# Exercise instructions:
The listing that follows should be copied in full and exactly, with no pictures.
START Input data
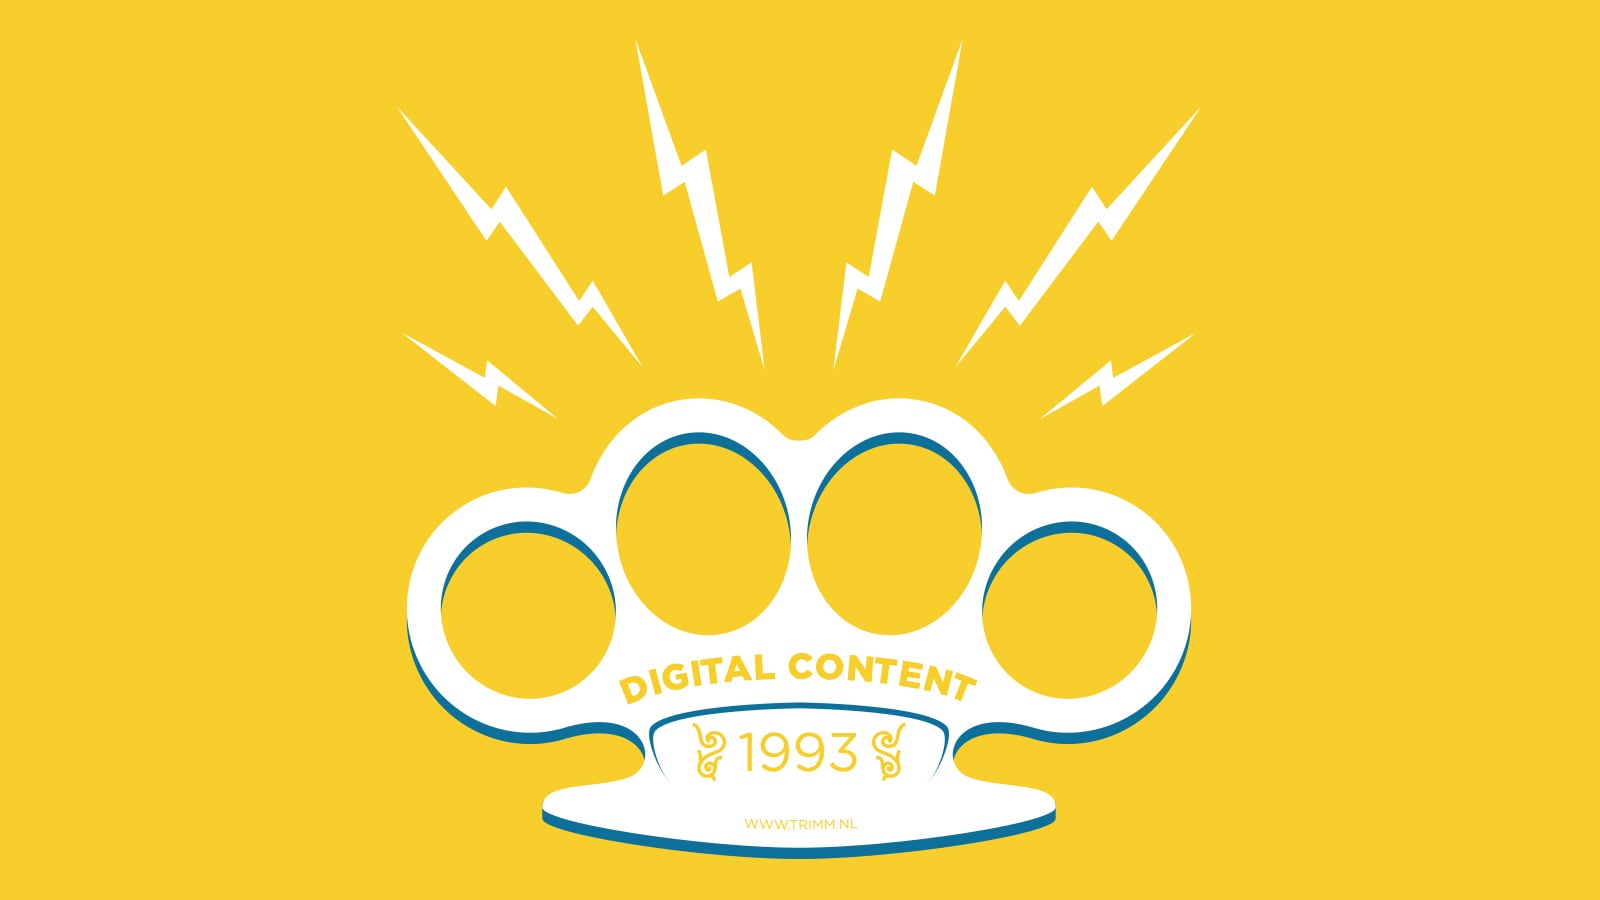 ijzersterke content op je digitale platform
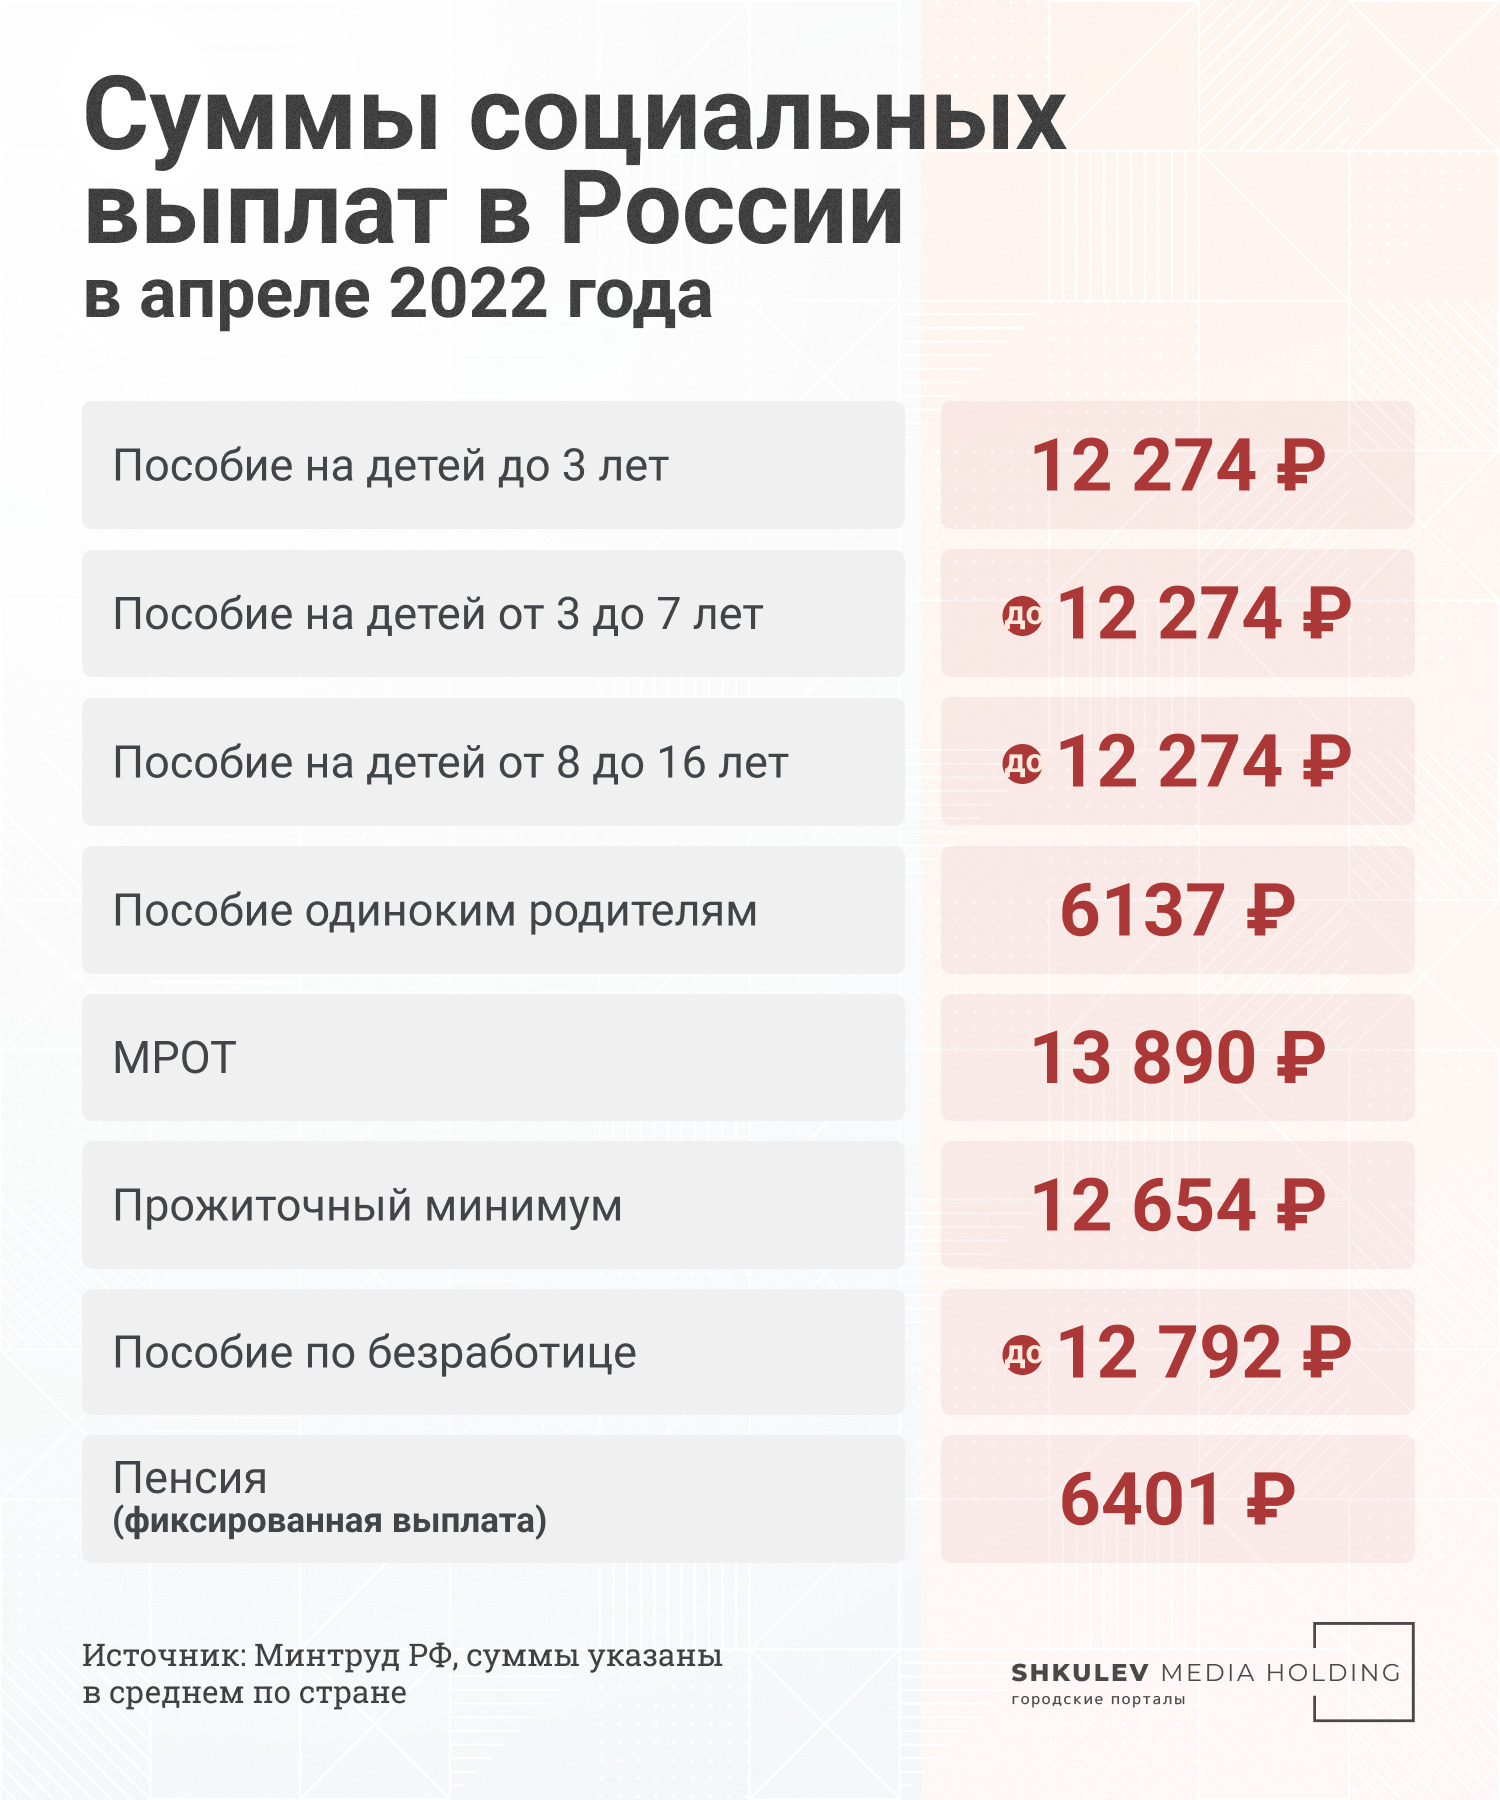 Сейчас суммы выплат в России выглядят так
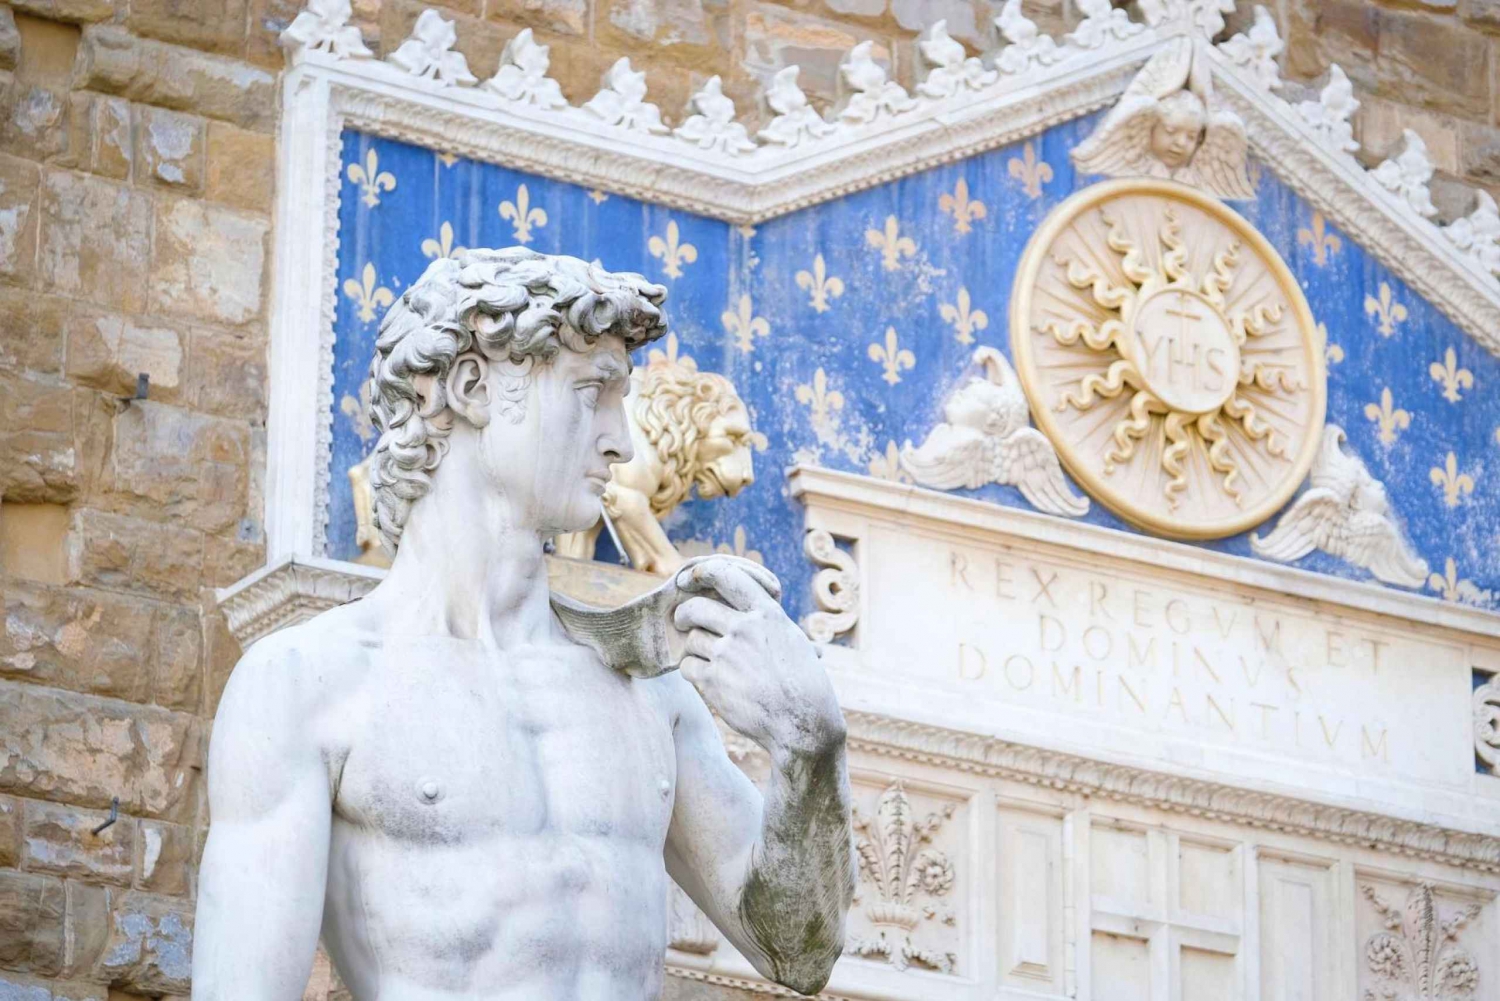 Galeria Uffizi, centro histórico e tour privado sem filas no Duomo
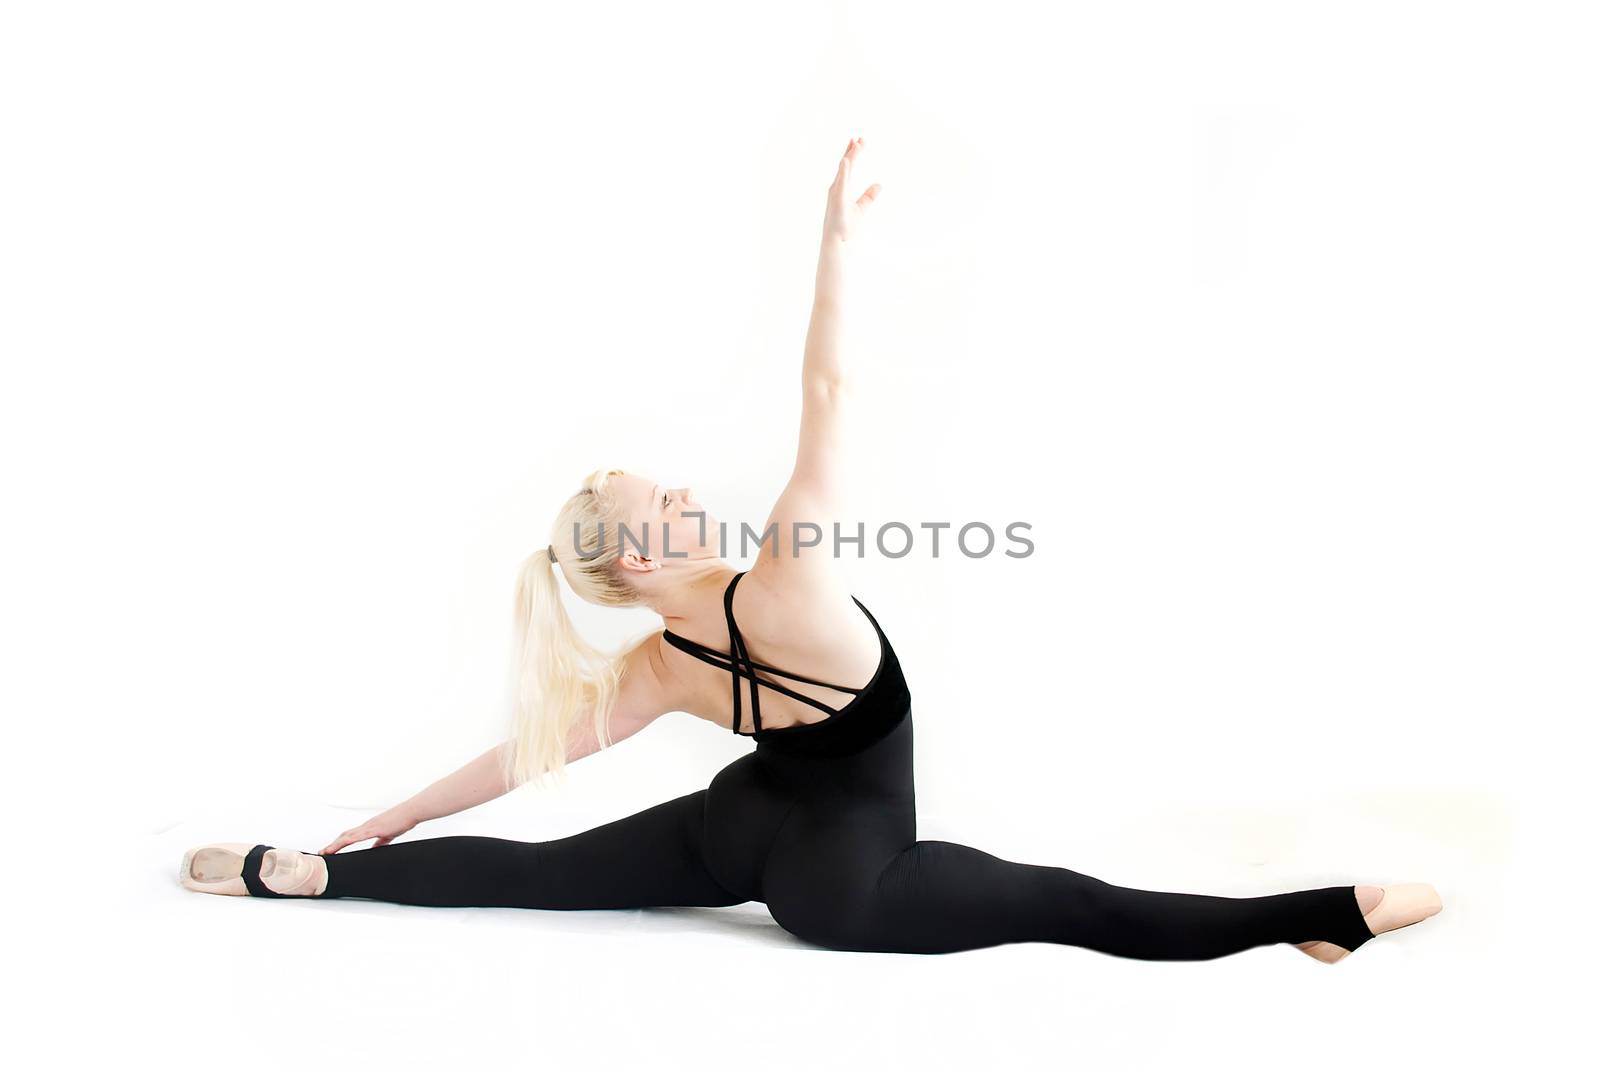 female ballet dancer isolated on white background
END Input data
# Response area:
 ijzersterke content op je digitale platform
 Сейчас суммы выплат в России выглядят так
 Galeria Uffizi, centro histórico e tour privado sem filas no Duomo
 female ballet dancer isolated on white background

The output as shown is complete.